Could we stop Prometheus in docker gracefully?

Hi,

I have one quesion about stopping Prometheus in Docker.

when I restart PMM docker , Prometheus could be crashed like this :

.
.
.
time=“2018-01-10T06:53:00Z” level=info msg=“5170000 archived metrics checked.” source=“crashrecovery.go:418”
time=“2018-01-10T06:53:01Z” level=info msg=“5180000 archived metrics checked.” source=“crashrecovery.go:418”
time=“2018-01-10T06:53:01Z” level=info msg=“5190000 archived metrics checked.” source=“crashrecovery.go:418”
time=“2018-01-10T06:53:01Z” level=info msg=“5200000 archived metrics checked.” source=“crashrecovery.go:418”
time=“2018-01-10T06:53:01Z” level=info msg=“5210000 archived metrics checked.” source=“crashrecovery.go:418”
time=“2018-01-10T06:53:01Z” level=info msg=“5220000 archived metrics checked.” source=“crashrecovery.go:418”
time=“2018-01-10T06:53:01Z” level=info msg=“5230000 archived metrics checked.” source=“crashrecovery.go:418”
time=“2018-01-10T06:53:01Z” level=info msg=“5240000 archived metrics checked.” source=“crashrecovery.go:418”
time=“2018-01-10T06:53:02Z” level=info msg=“5250000 archived metrics checked.” source=“crashrecovery.go:418”
time=“2018-01-10T06:53:02Z” level=info msg=“5260000 archived metrics checked.” source=“crashrecovery.go:418”
time=“2018-01-10T06:53:02Z” level=info msg=“5270000 archived metrics checked.” source=“crashrecovery.go:418”
time=“2018-01-10T06:53:02Z” level=info msg=“5280000 archived metrics checked.” source=“crashrecovery.go:418”
time=“2018-01-10T06:53:02Z” level=info msg=“5290000 archived metrics checked.” source=“crashrecovery.go:418”
time=“2018-01-10T06:53:02Z” level=info msg=“5300000 archived metrics checked.” source=“crashrecovery.go:418”
time=“2018-01-10T06:53:02Z” level=info msg=“5310000 archived metrics checked.” source=“crashrecovery.go:418”
time=“2018-01-10T06:53:02Z” level=info msg=“5320000 archived metrics checked.” source=“crashrecovery.go:418”
.
.
.

I think this log is related with recover process in prometheus.

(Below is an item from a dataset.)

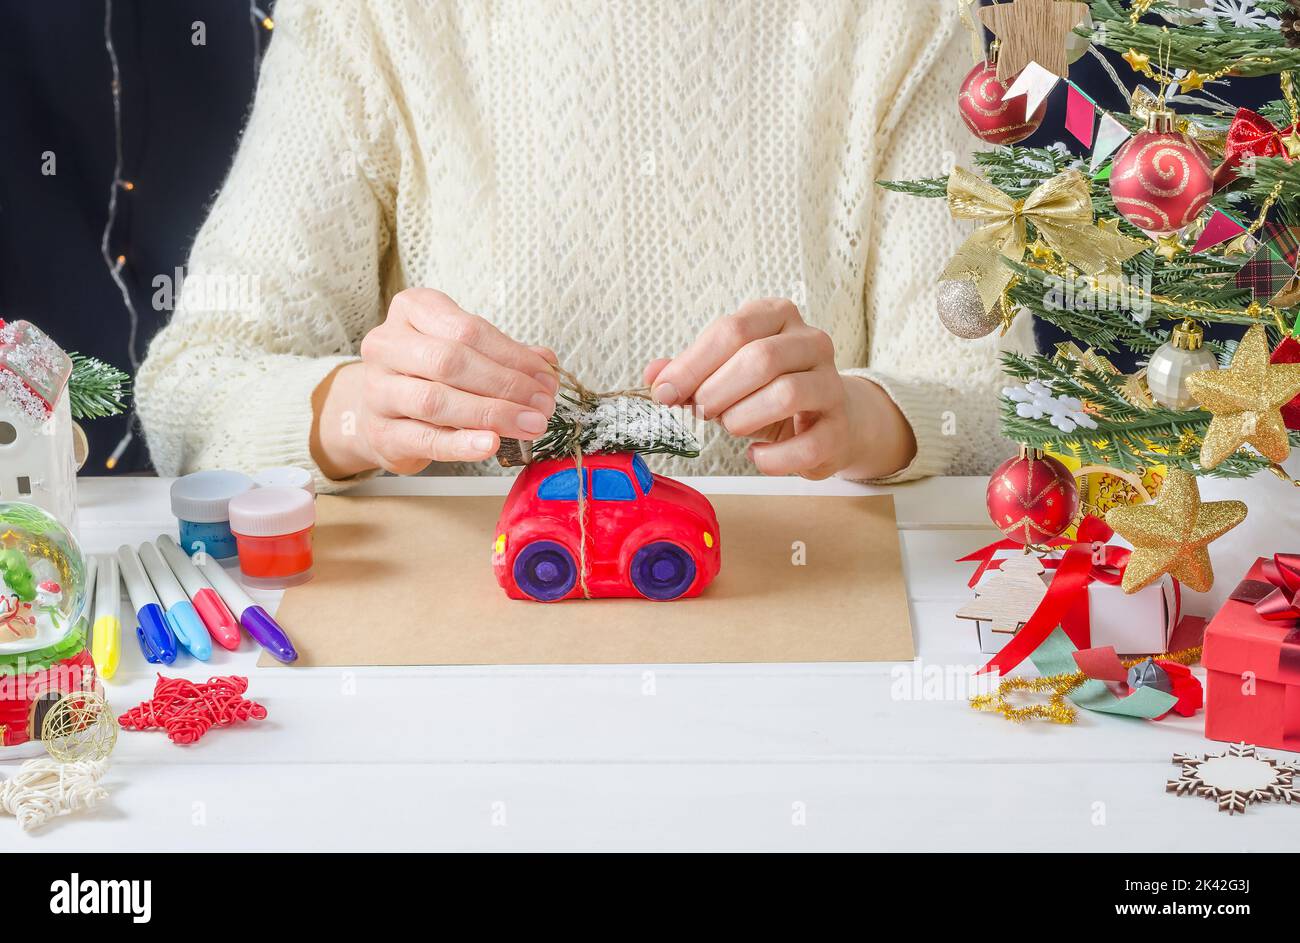 Schritt-für-Schritt Foto-Anleitung für Weihnachten Dekor - ein Mädchen malt eine Gipsmaschine, Schritt 7 - binden Sie einen Weihnachtsbaum auf das Dach Stockfoto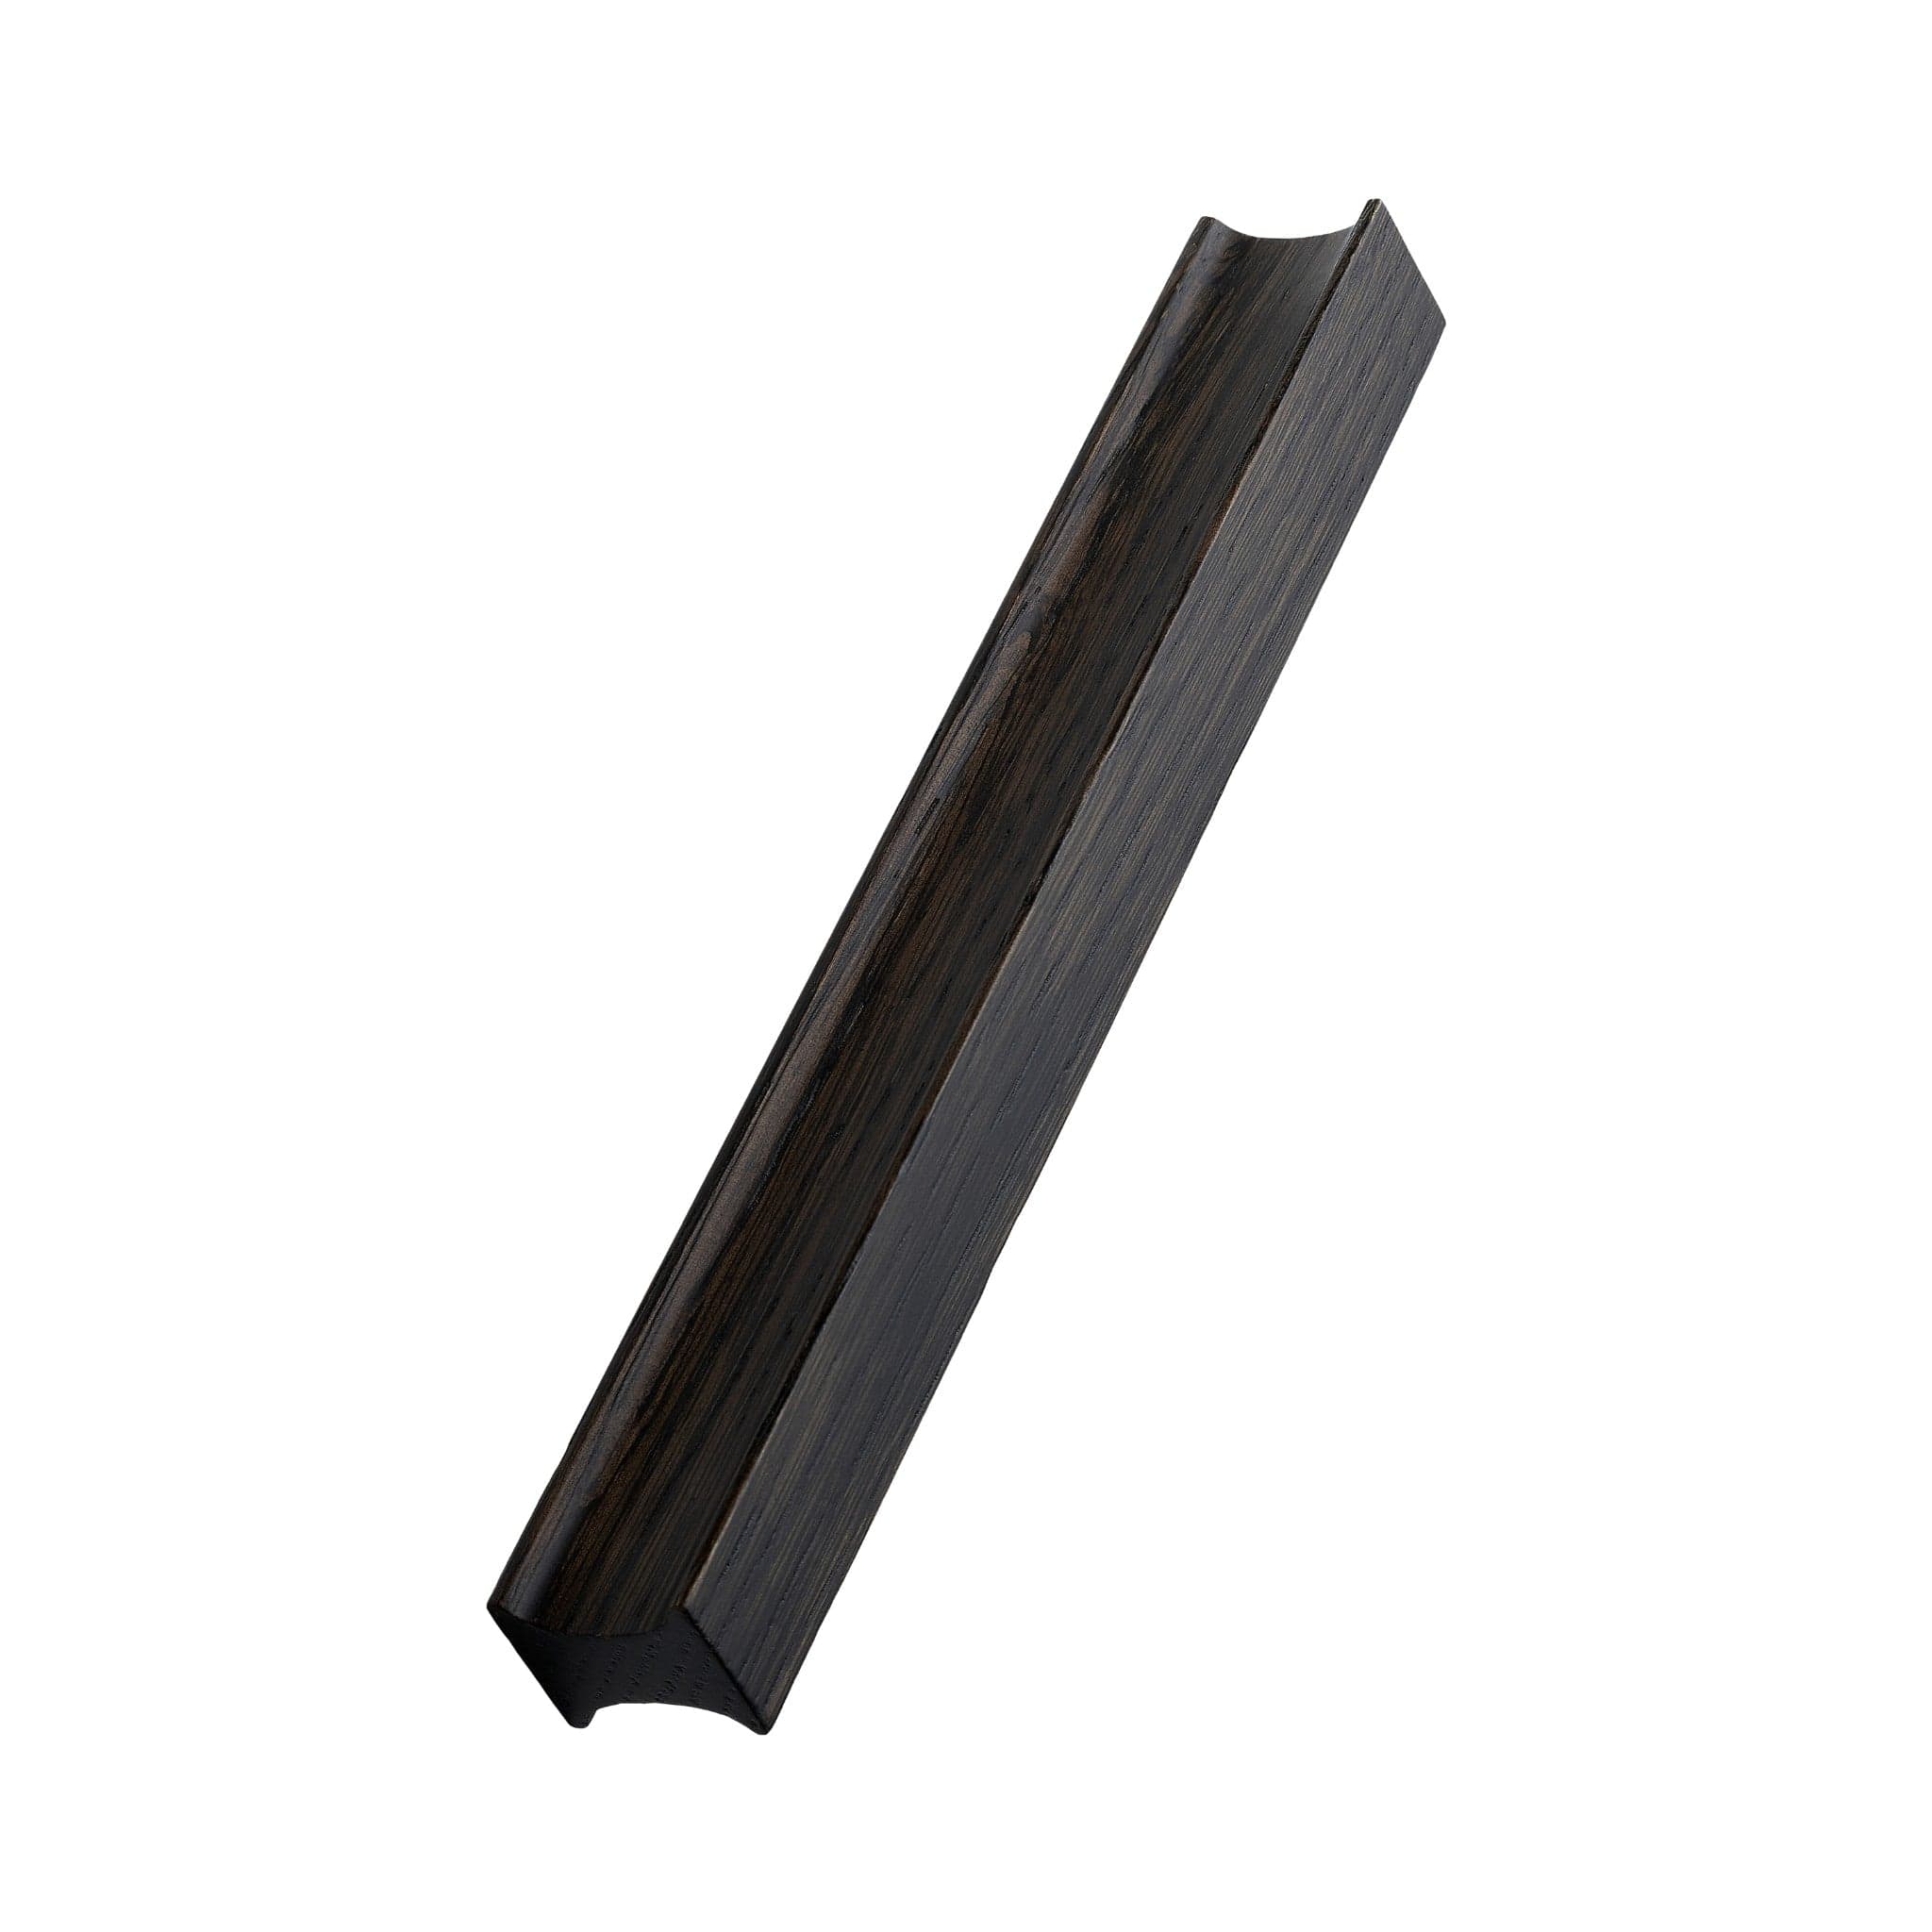 Track | Greb i Mørkebrun Eg L 200 mm (C/C 160 mm) Furnipart FP-103720160-056 FINICC

but it takes too long time.

so I want to know how can we stop the prometheus gracefully without crash.

thanks.

Hi,

What PMM Version are you running ? Also how much memory do you have allocated for Metrics ?

hi,

My PMM version is 1.5.3

and I allocated 40G memory for prometheus.

and prometheus data file size is 174Gb.

thanks.

$ docker run -d
-p 80:80
-e METRICS_MEMORY=48318382080 -e METRICS_RETENTION=2160h -e QUERIES_RETENTION=2160h -e METRICS_RESOLUTION=5s
–volumes-from pmm-data
–name pmm-server
–restart always
percona/pmm-server:latest

Hi bckim,

the root of the issue: “docker stop” command sends TERM signal, docker wait 10 seconds and send KILL signal.
but very large prometheus installations cannot dump gigabytes of memory to disk in 10 seconds.
workaround - use “docker stop -t 300 pmm-server” command

also, you can add “–stop-timeout 600” option to “docker run” command, in this case, “docker stop” command should work better

thank you.

I could solve this problem with your help.